The following data are available for each project:

Project
1 2
£000 £000
Cost (immediate outlay) (100) (60)
Expected annual operating profit (loss):
Year 1 29 18
Year 2 (1) (2)
Year 3 2 4
Estimated residual value of plant 7 6

The business has an estimated cost of capital of 10%, and uses the straight-line
method of depreciation for all non-current assets when calculating operating
profit. Neither project would increase the working capital of the business. The
business has sufficient funds to meet all capital expenditure requirements.

Required:

Calculate the:
i) net present value (NPV);
ii) approximate internal rate of return (IRR); and
iii) Payback Period, for each project.

State which, if any, of the two projects should be accepted and explain the
reasons for this choice.

Continued >
Question 3 (Examination style question)

Solent Boatyard plc occupies a large site on a tidal section of the Hamble.

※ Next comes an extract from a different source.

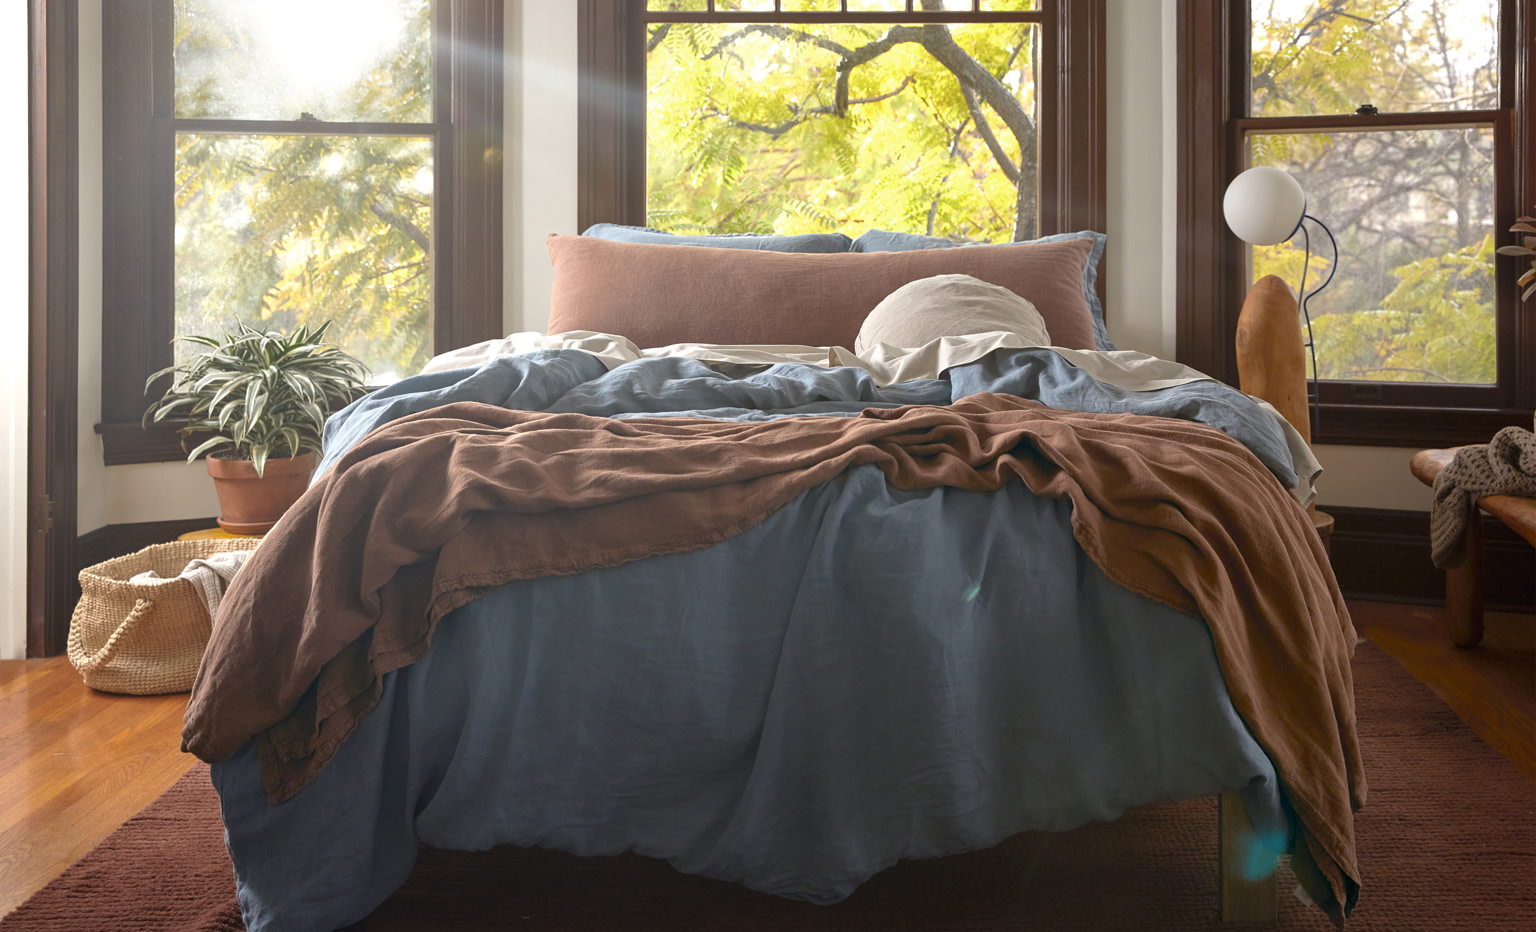 The Effortlessly Undone Bed Campaign Image

The
owners intend to operate the boatyard for the next four years after which time the
site will be sold to another company. Two proposals are currently being considered
by the present owners in an attempt to improve the position of the company
before the sale takes place in four years’ time.

Proposal 1: Spend £510,000 on refurbishing the pontoons and buildings around the
boatyard. It is anticipated that this would result in additional revenue of
approximately £170,000 for each of the next four years. The refurbishment costs
would be paid in equal instalments, half immediately and half at the end of next
year.

Proposal 2: Employ a management consultancy firm to review the company’s


strategy, prepare a marketing package and oversee the operation for the next four
years. The terms being discussed with a consultancy at the moment are for an
initial payment of £510,000 to the consultants with annual fees of £42,500 for each
of the next four years. Recent similar undertakings made by the consultants have
generated a significant improvement in business activity such that additional cash
flows are expected to be £170,000 in each of the next two years £255,000 in year
three and £382,500 in year four.

Solent Boatyard plc is able to obtain finance for either of these proposals with
little problem, at an interest rate of 10% per annum.

You are required to:


a) Calculate both the payback period and the net present value for each proposal.
b) Recommend one of the proposals to the owners of the boatyard, giving reasons
for the decision.
c) What other factors should the owners of the boatyard consider before finally
making a decision on the future strategy?

Question 4 (Lumby – altered)

Stanchion plc is considering investing in a project that will require a capital


expenditure outlay of £300,000. It will have a four-year life and, at the end of that
time, the equipment used will be sold off for £100,000. In addition, £38,000 of
working capital will be required from the start of the project, and this figure will
have to be increased to £50,000 at the end of the second year. All working capital
will be recovered at the end of the project’s life.

The project is expected to generate revenues of £100,000 in the first year and
£200,000 per year thereafter. Annual cash operating costs are expected to be
£60,000 in the first year and £80,000 per year thereafter. The company believes
that a discount rate of 10% would be appropriate. (Lumby – altered)

Required:
Calculate the net present value for the project.